El día que bajé hacia ese desierto, coincidí en el destartalado 4x4 con una pareja de chicos jóvenes. “No creo que pasen de los 20”, pensé. Estuve un rato mirándolos y elucubrando sobre su nacionalidad. Después de unos minutos, me subí al techo del vehículo para disfrutar de la brisa y de las vistas. El chico me acompañó. Nico, 21 años, chileno. La primera pregunta que me hizo fue al menos inquietante:
-¿Has oído hablar de Catalina La española?
-Demasiadas veces, contesté.
-Vale, pues lo que te voy a contar ahora es la historia más increíble que me ha sucedido en mi vida –me dijo sonriendo, sin apartar la mirada-, y yo no creo en brujas ni en cosas por el estilo. Hace un mes estuvimos Daniela y yo en su lugar y, después de una semana, Catalina se llevó a mi chica a dar un paseo y le dijo que estaba embarazada. ‘No puede ser’, le dijo Daniela. ‘Sí, vas a tener una niña’, respondió con seguridad Catalina. Dani me lo contó y cuando nos fuimos de San José y llegamos a Oaxaca compramos un predíctor que nos confirmó que íbamos a ser padres.
-Así que finalmente tendré que ir a conocerla, le dije.
-Deberías, nosotros volveremos a DF en poco y luego vamos al tiro para allá.
Pasé un par de días con los chilenos en un lugar llamado Wadley, el pueblo fantasma. Volví a ver después de muchos años al señor Tomás, a su perro Napoleón, a Natividad, el jefe de los indios huicholes, y al que dicen que es el tren más largo del mundo, el que cruza el desierto camino de los Estados Unidos. Nico y yo también vimos dos arco iris que un día se dibujaron en el cielo al mismo tiempo, pero esa es otra historia.
Volvimos a la capital y, tal como habíamos planeado, llegamos a San José del Pacífico.
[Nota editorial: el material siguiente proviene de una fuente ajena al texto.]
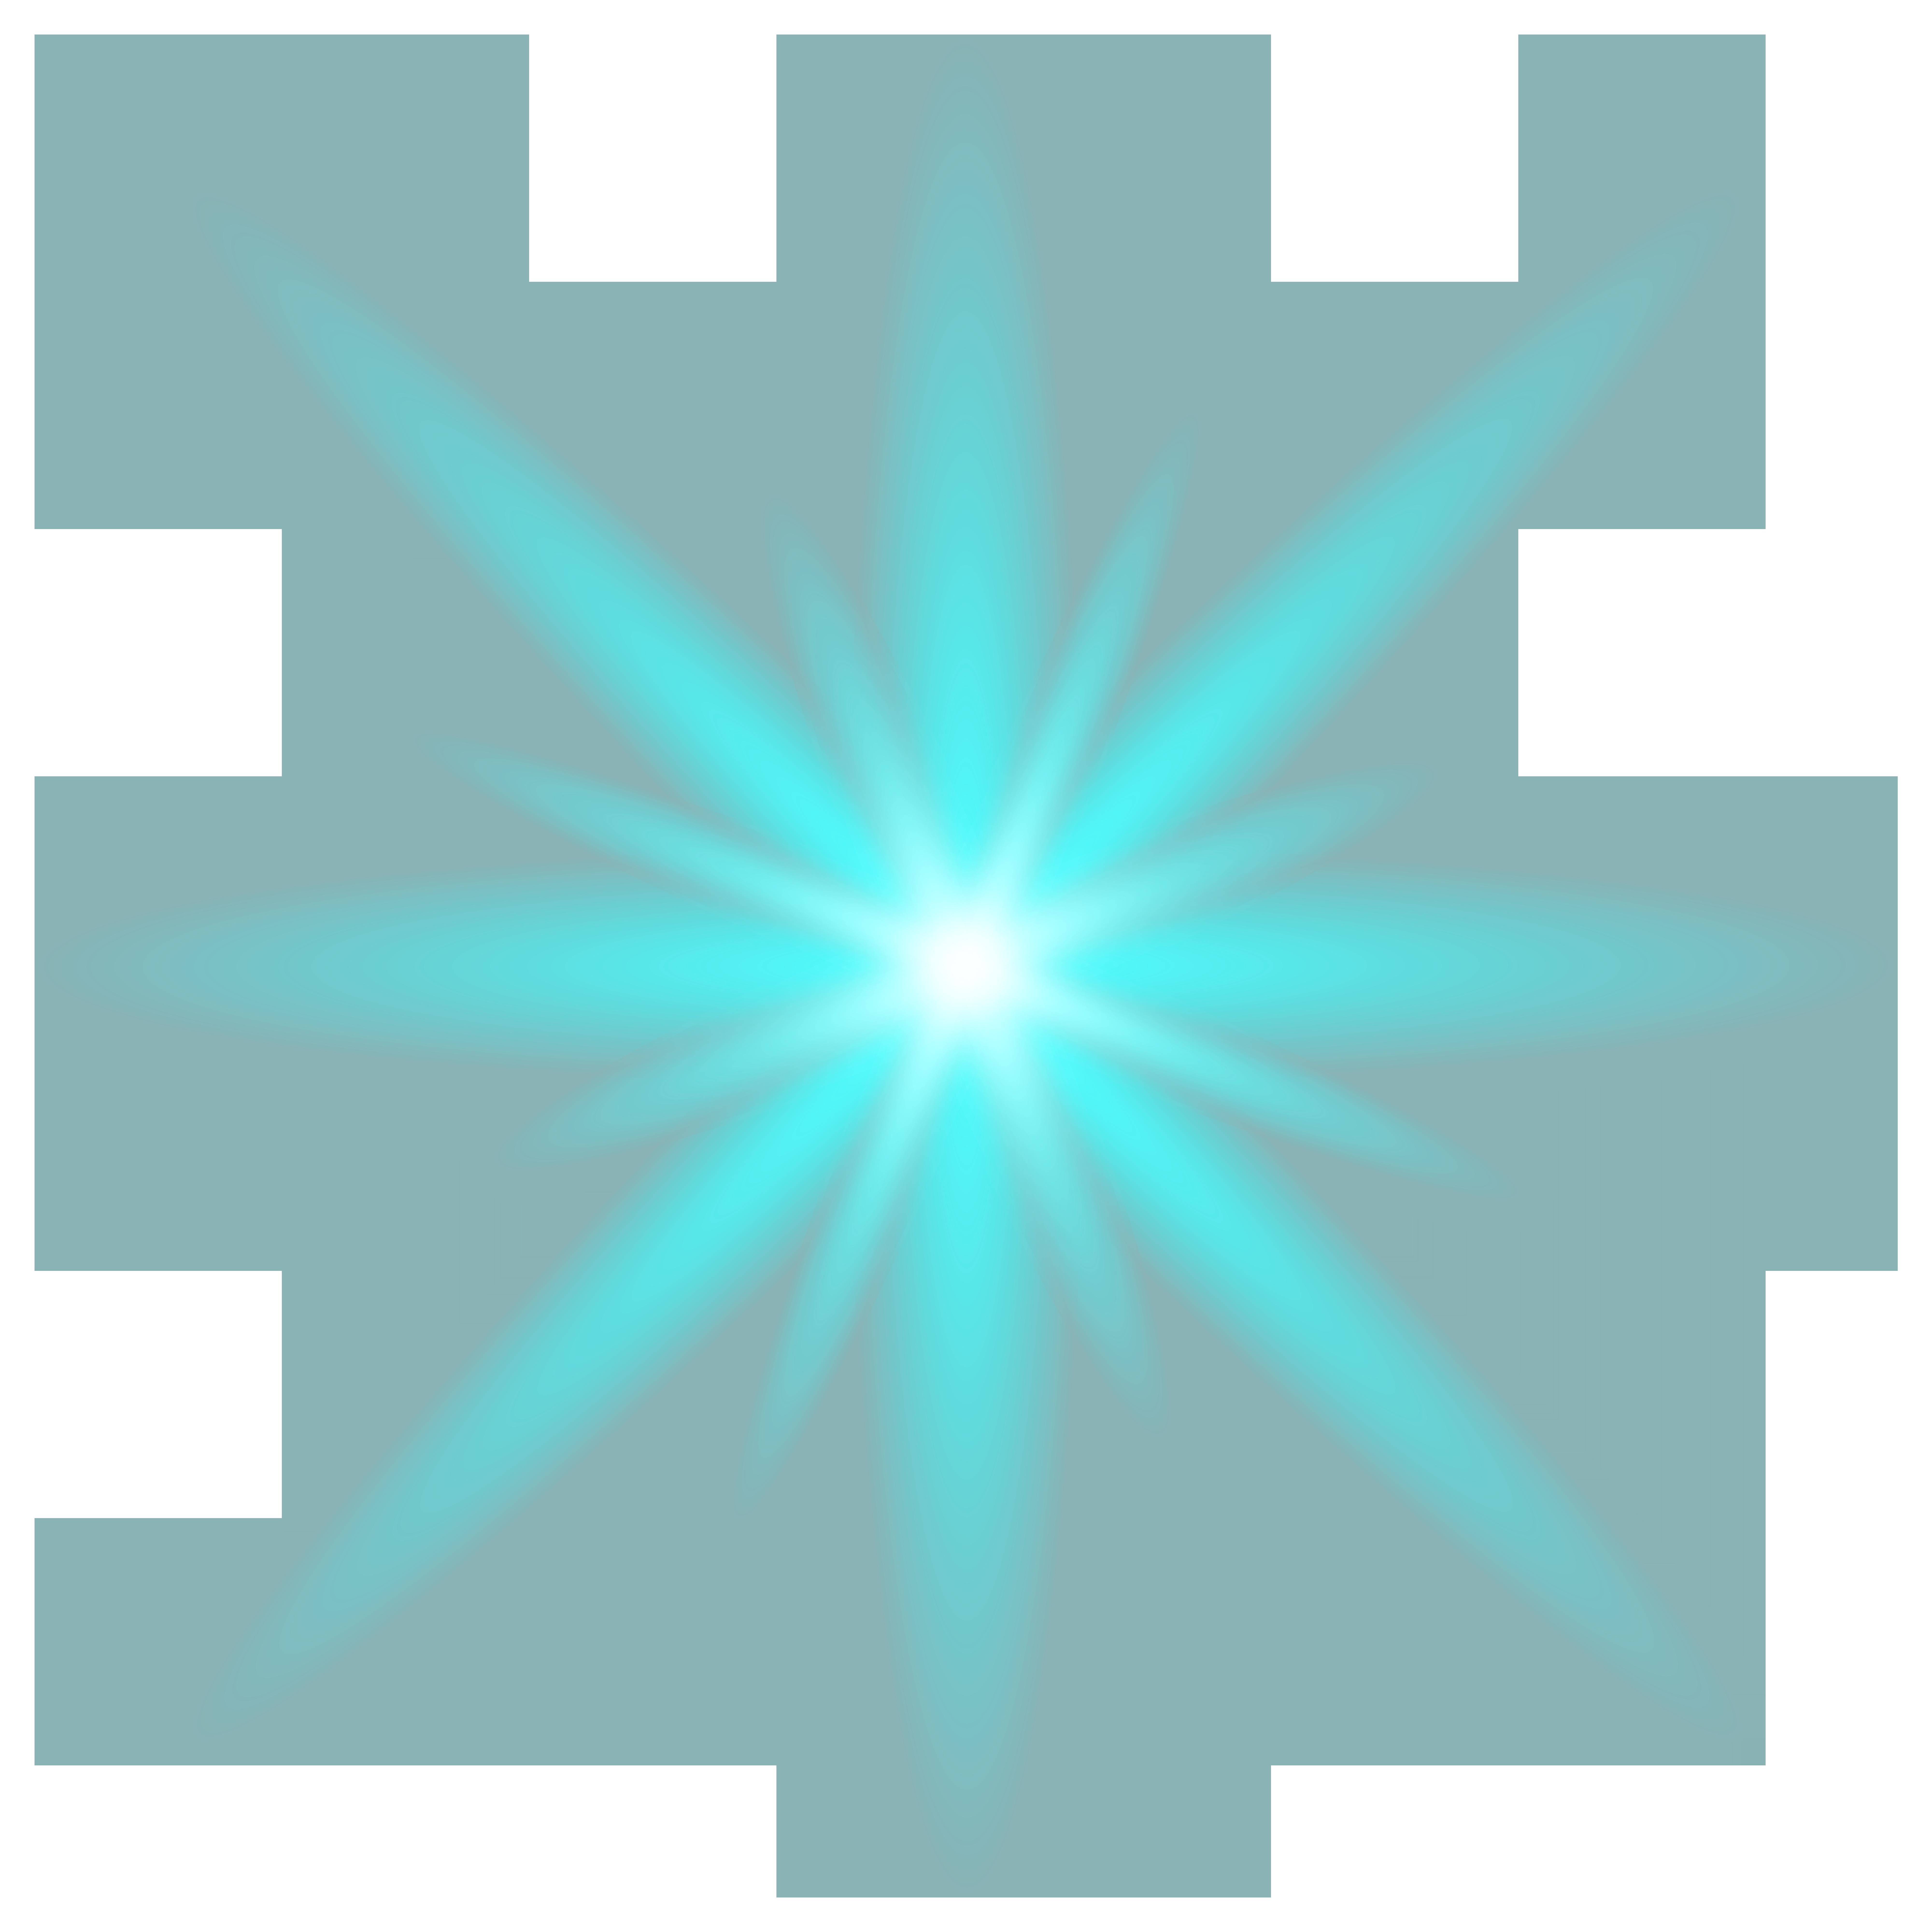 Blue Light Effect PNG Clip Art Image.

La casa-pensión de Catalina está en lo alto de una colina y con los años se ha ido llenando de personajes llegados desde diferentes lugares de América. Un tipo que luchó con la guerrilla en El Salvador y que pinta cuadros miniatura con las uñas. Un gringo que huyó de EEUU cuando estaba a punto de ingresar en alguna cárcel del sur. Una mulata a la que no le gustan demasiado las preguntas. Todos comparten muchos vicios y una sola afición: el ajedrez. Juegan desde las 12 de la mañana hasta la madrugada. Tampoco hay mucho que hacer. Durante las dos semanas que pasé allí, jamás vi perder una sola partida a Catalina.
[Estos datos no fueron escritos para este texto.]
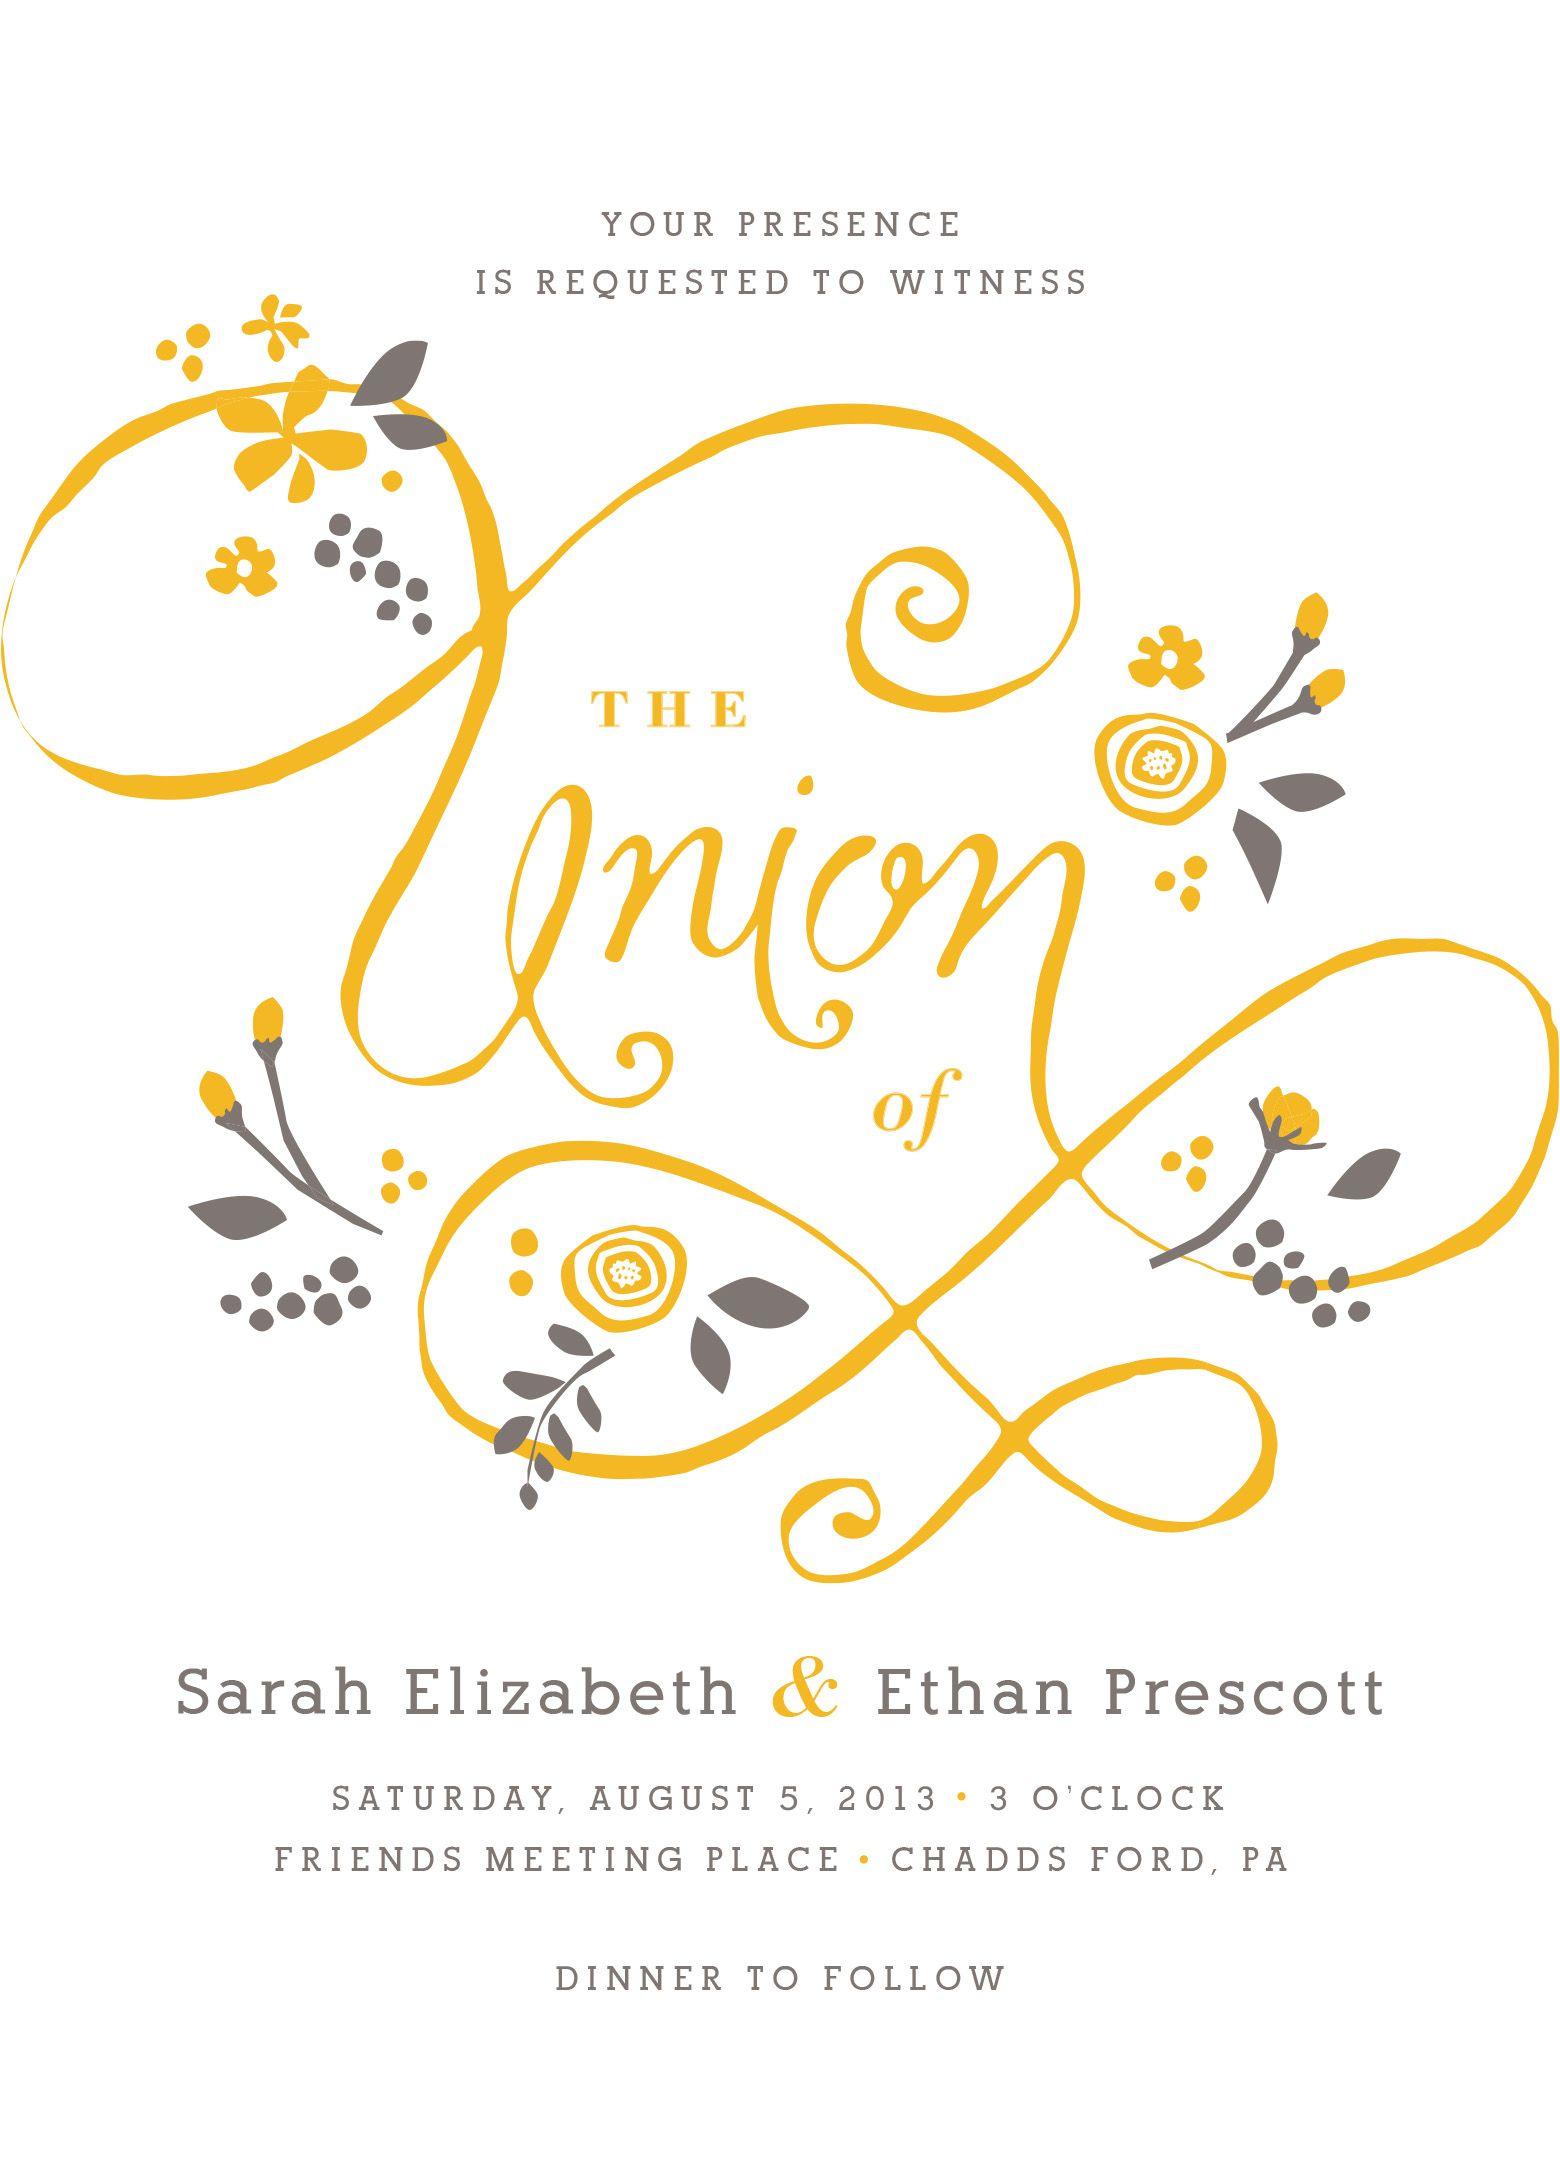 A More Perfect Union Letterpress Wedding Invitation By

Cuando, después de acomodarnos en una habitación, los chicos llamaron a Catalina para decirle que sus predicciones eran ciertas y que esperaban una criatura, ella los miró como preguntando: “¿no habréis venido hasta aquí para decirme lo que ya sabía?”.
Fueron días tranquilos, doing nothing, quizá un paseo, alguien cocinaba, si Catalina comentaba alguna cosa sorprendente y le preguntabas, su respuesta era demoledora: “eso me lo dijeron los hongos”. De vez en cuando llegaba alguien para quedarse unos días. Entre partida y partida, Catalina iba deslizando su historia. Nació en Andalucía, cuando su hija cumplió los 25 decidió abandonar su tierra, se trasladó a Roma, luego a México, país en el que decidió quedarse porque allí “nadie se sorprendía cuando decía que veía vírgenes y muertos”.
Como todo, los días en San José llegaron a su fin. Me despedí de los chilenos, de Catalina y de los parroquianos de su casa, algunos de los cuales apenas desviaron la mirada del tablero para despedirse. Nico y Daniela continuaron su viaje por Centroamérica, llegaron a Colombia, tomaron un avión hacia Chile y, lo que es más importante, decidieron que a su hija -a esas alturas ya no tenían ninguna duda de que sería niña- la llamarían Guadalupe, en honor a la Virgen más reverenciada de México.